После этого утра, проведённого в напряжённом ожидании, обед был довольно печален. Грибная похлёбка и варёный горох с чёрным хлебом казались не так вкусны, как обыкновенно. Попадья была озабочена, отец Герасим — крепко печален.
Тотчас после обеда Яков по приказанию отца отправился в замок, чтобы разузнать всё от людей и, если можно, повидать самого царевича и подать ему просфору, для чего из церкви взято было небольшое медное блюдо. Только к вечеру Яков вернулся домой.

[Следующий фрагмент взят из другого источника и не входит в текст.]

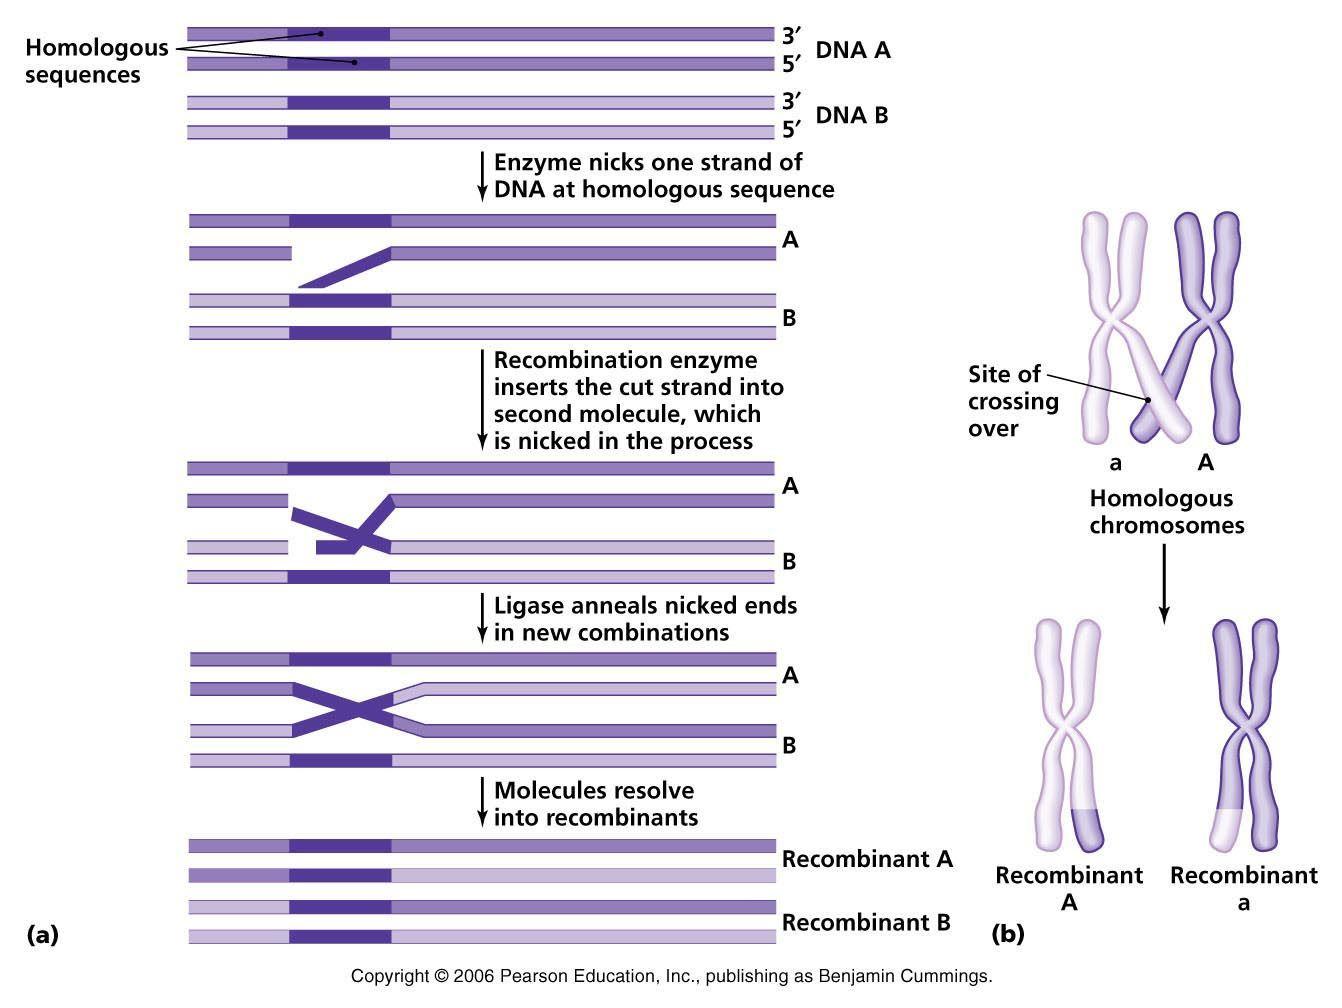 Microbiology, Molecular,

— Ну, видел царевича? — спросил отец Герасим ещё в окошко и, получив отрицательный ответ, поспешил встретить сына в сенях. — Что же? Крепко болен? Говори скорее...
— И здоров, и весел, — отвечал угрюмо Яков. — И пирует с воеводой, и доступа к нему нет. Пришёл, спрашиваю. Говорят, что кушать изволят. Стал ждать, думаю, что ведь откушают же когда-нибудь. Потом вышел ко мне старый маршалок и расспросил, что мне надо. Ждал, ждал... Выходит ксёндз Помаский и опять спрашивает, чего я желаю, да так насмешливо, как иной мошенник, который фальшивыми костями наверняка обыгрывает доверчивого дурака. Опять жду, жду... Дело уже идёт к вечеру... Опять маршалок, эта старая обезьяна, спрашивает: что надо? Как будто и не говорил со мной недавно... Присылают, наконец, какого-то лакея сказать, что царевичу некогда. Я и пошёл, потому что не силой же к нему ломиться...
Отец Герасим был жестоко огорчён. Попадья проворчала:
— Недаром говорят люди, что это не настоящий, а поддельный царевич, самозванец, беглый монах, расстрига.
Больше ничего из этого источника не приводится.